_GIVEN MATERIAL_
§
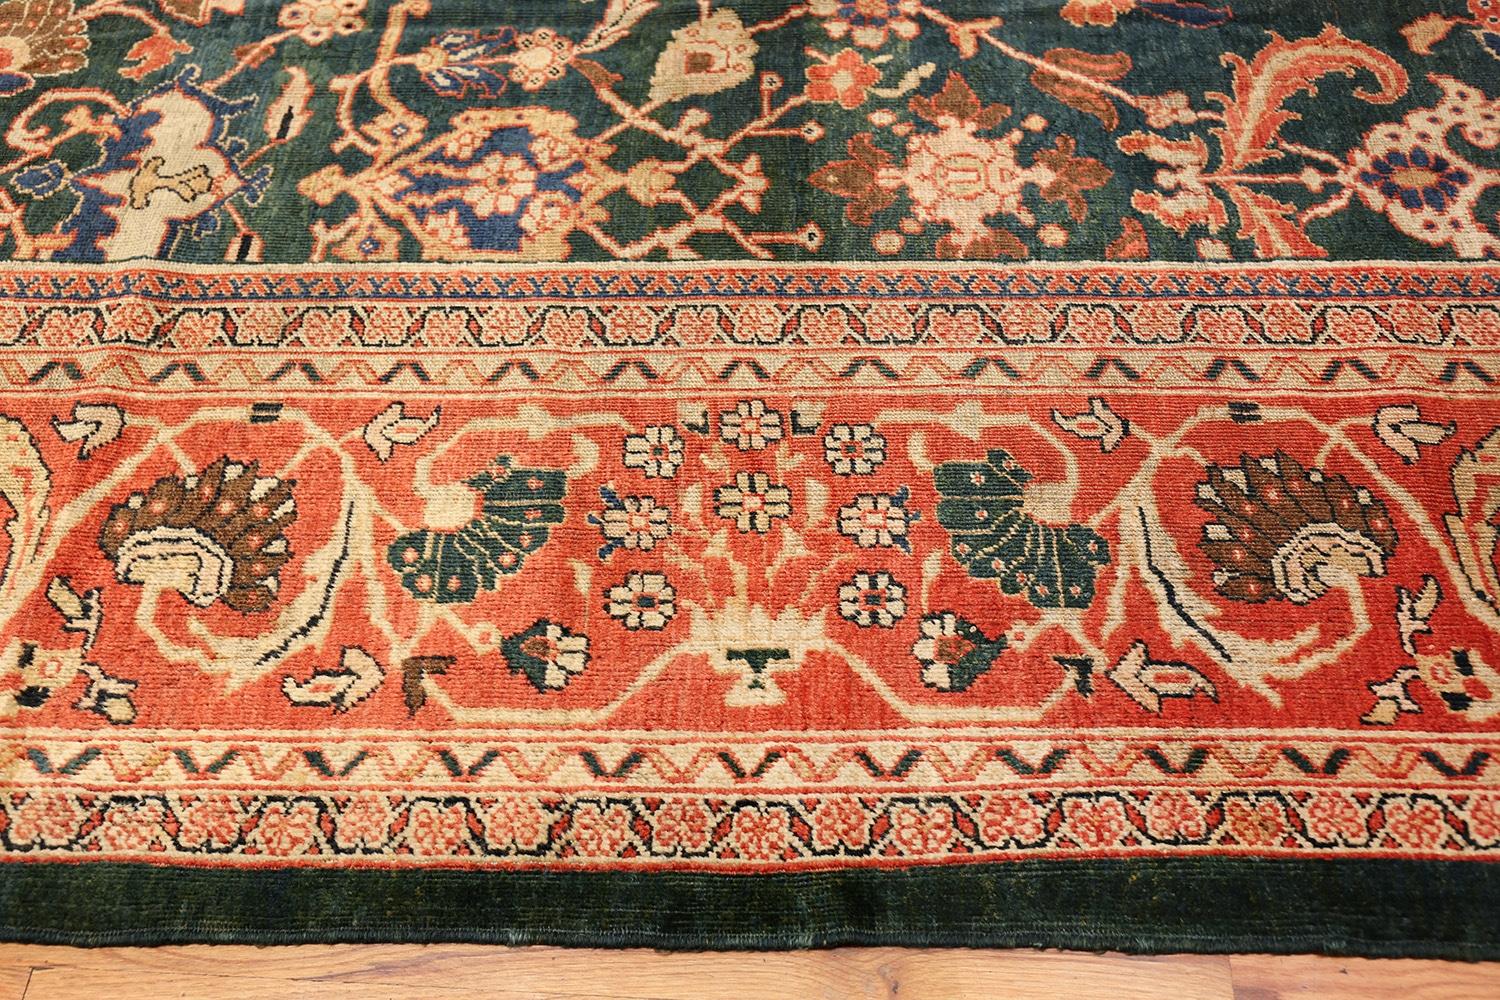 Antique Persian Sultanabad Rug, Country of Origin: Persia, Circa date: 1900. Size: 10 ft 9 in x 14 ft 4 in (3.28 m x 4.37 m)

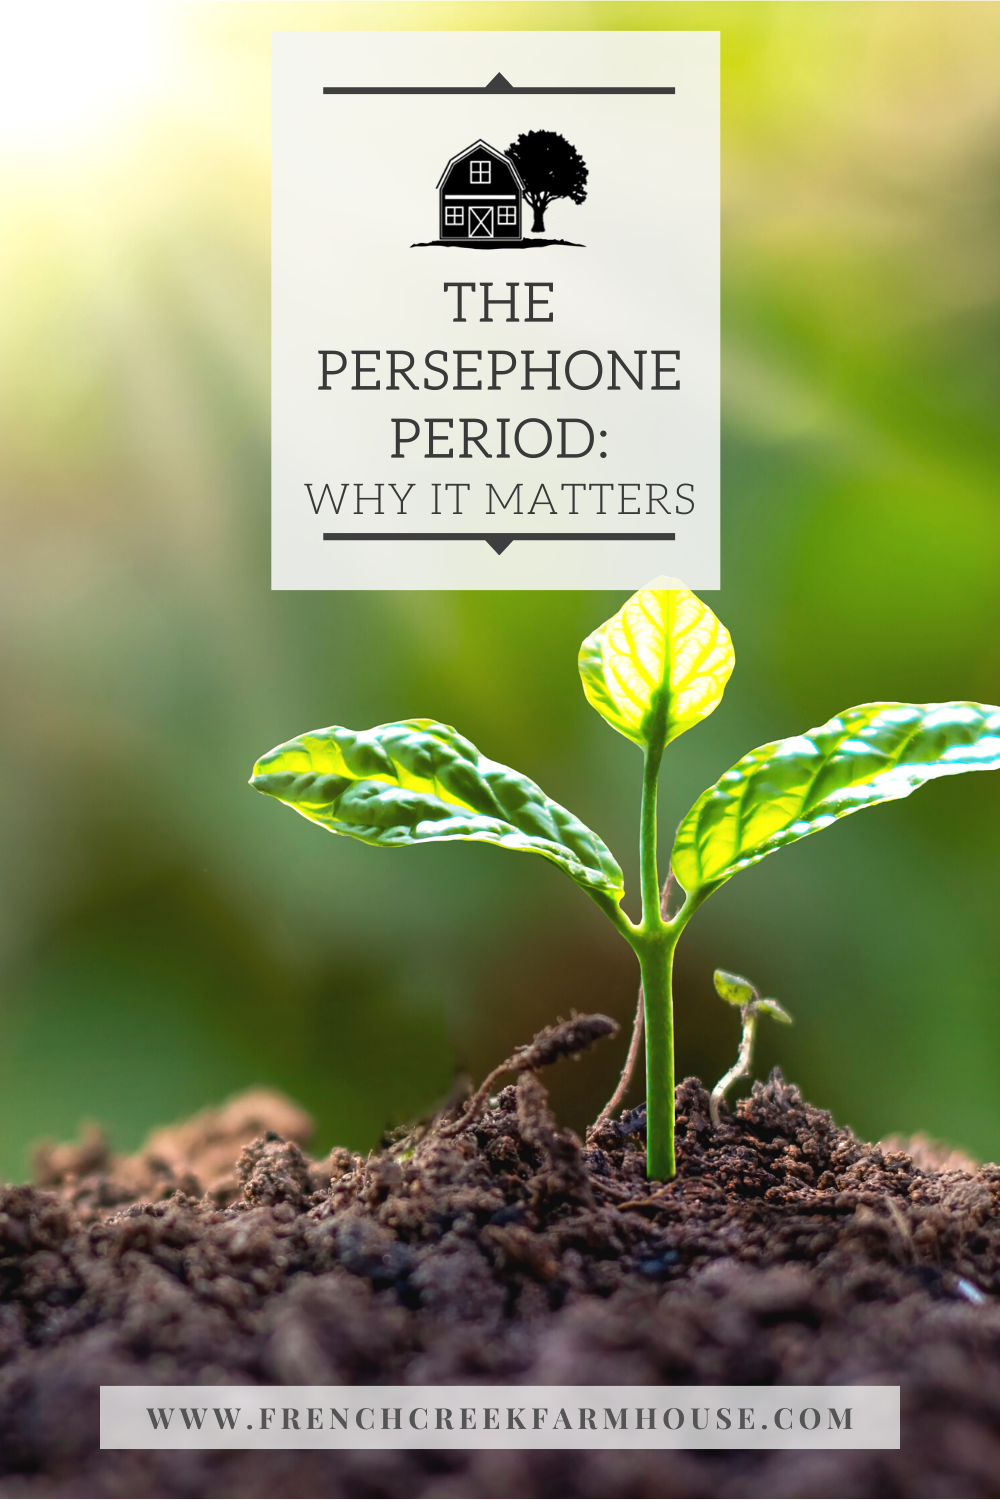 The Persephone Period and Why It Matters
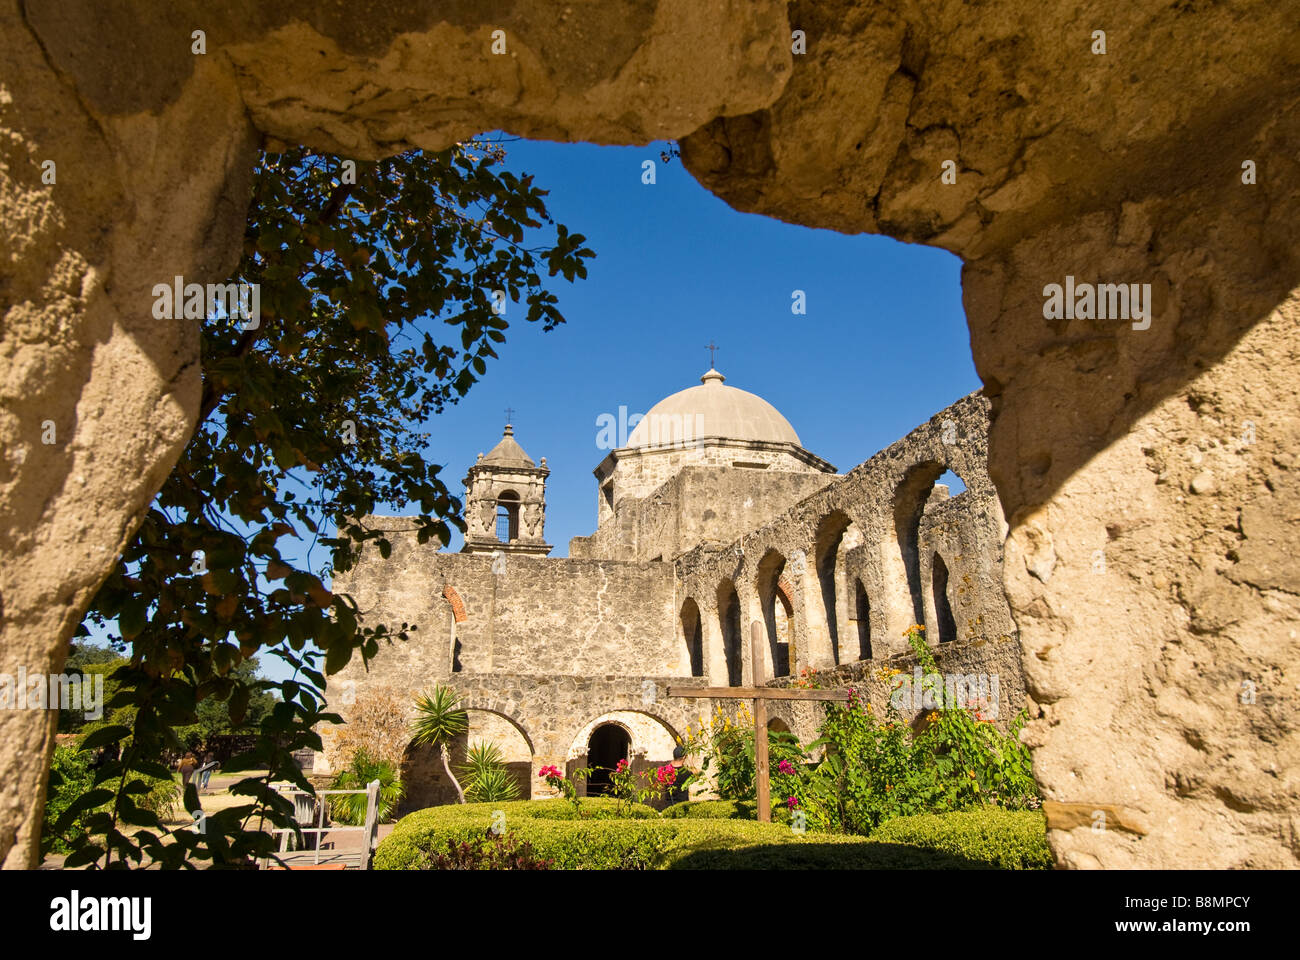 Mission San Jose view through thick stone walls to domed mission church Missions National Park Texas TX Stock Photo
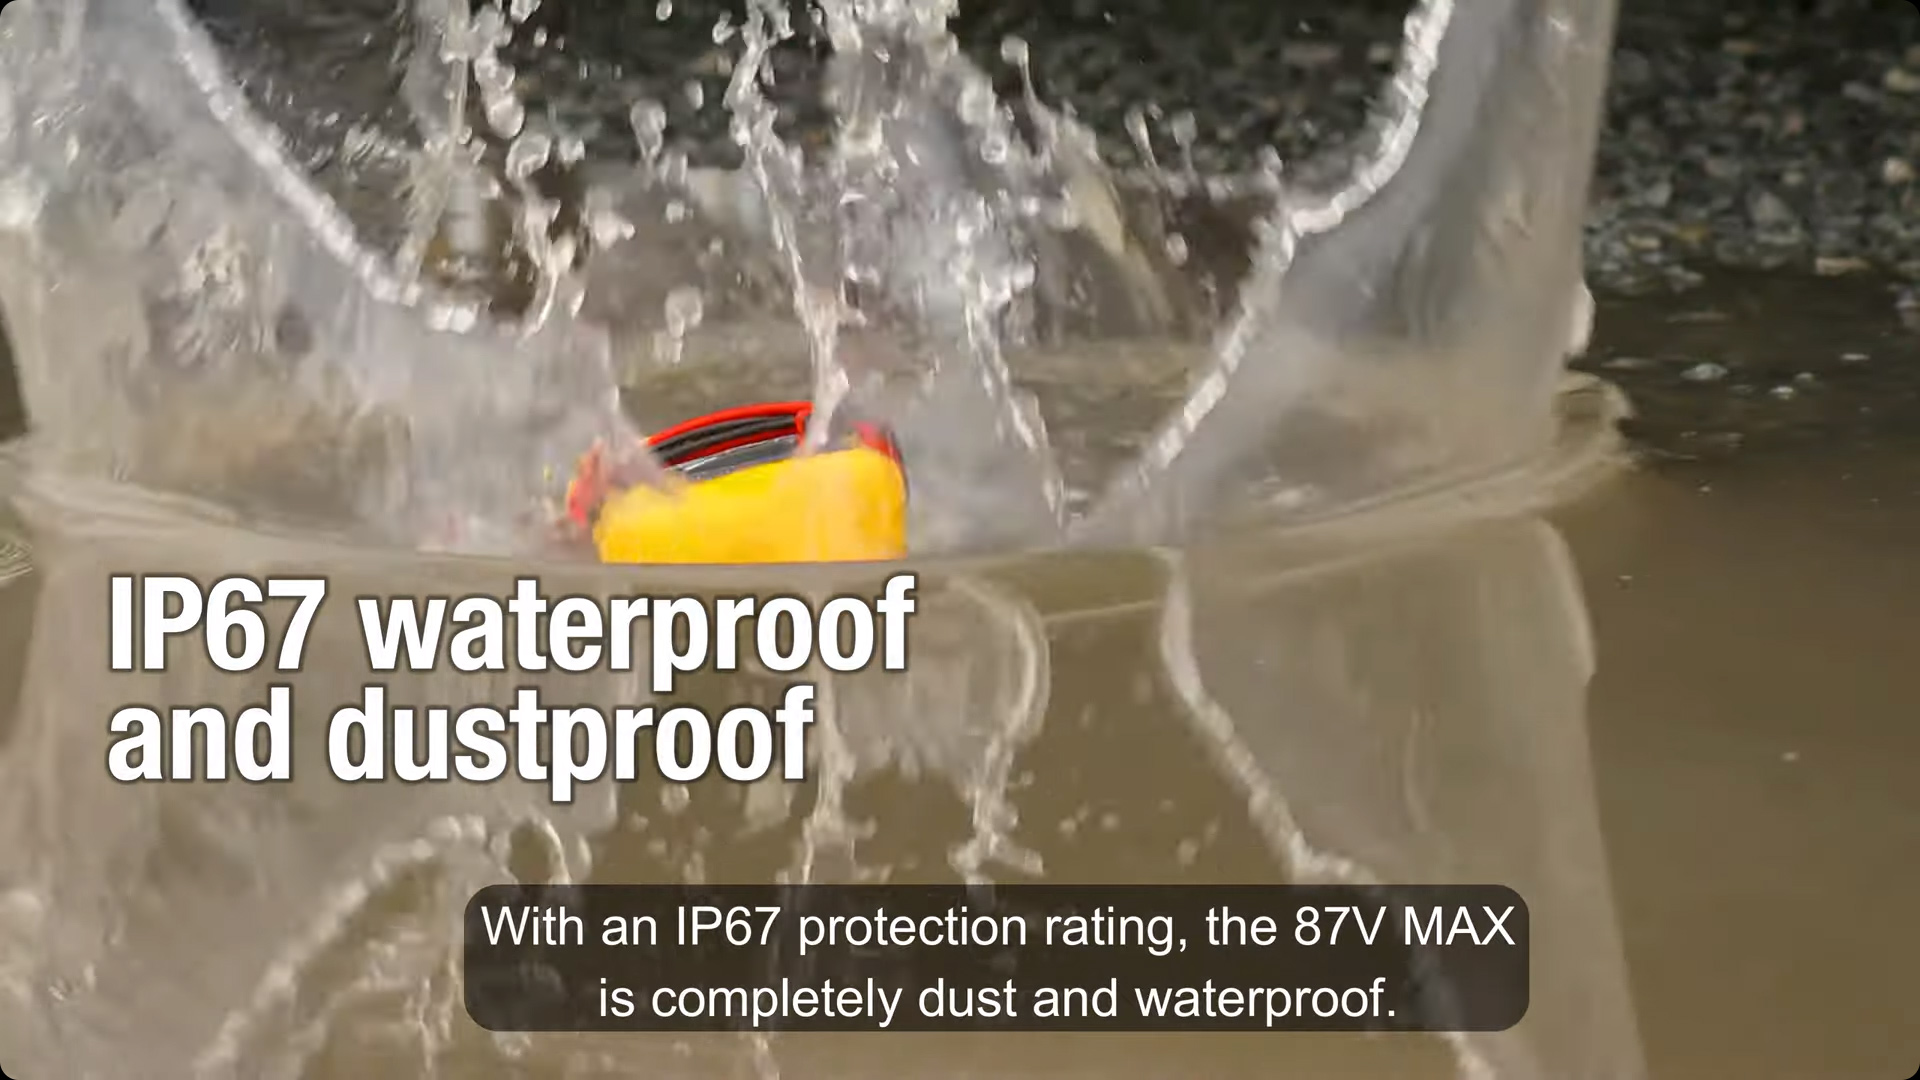 Fluke 87V Max True-RMS Digital Multimeter in a puddle of water to demonstrate its waterproof capabilities.
§
_REQUIRED WORK_
Images are to be omitted; repeat the remaining data above exactly.

_SOLUTION FOR THIS TASK_
 Antique Persian Sultanabad Rug, Country of Origin: Persia, Circa date: 1900. Size: 10 ft 9 in x 14 ft 4 in (3.28 m x 4.37 m)

 The Persephone Period and Why It Matters
 Mission San Jose view through thick stone walls to domed mission church Missions National Park Texas TX Stock Photo
 Fluke 87V Max True-RMS Digital Multimeter in a puddle of water to demonstrate its waterproof capabilities.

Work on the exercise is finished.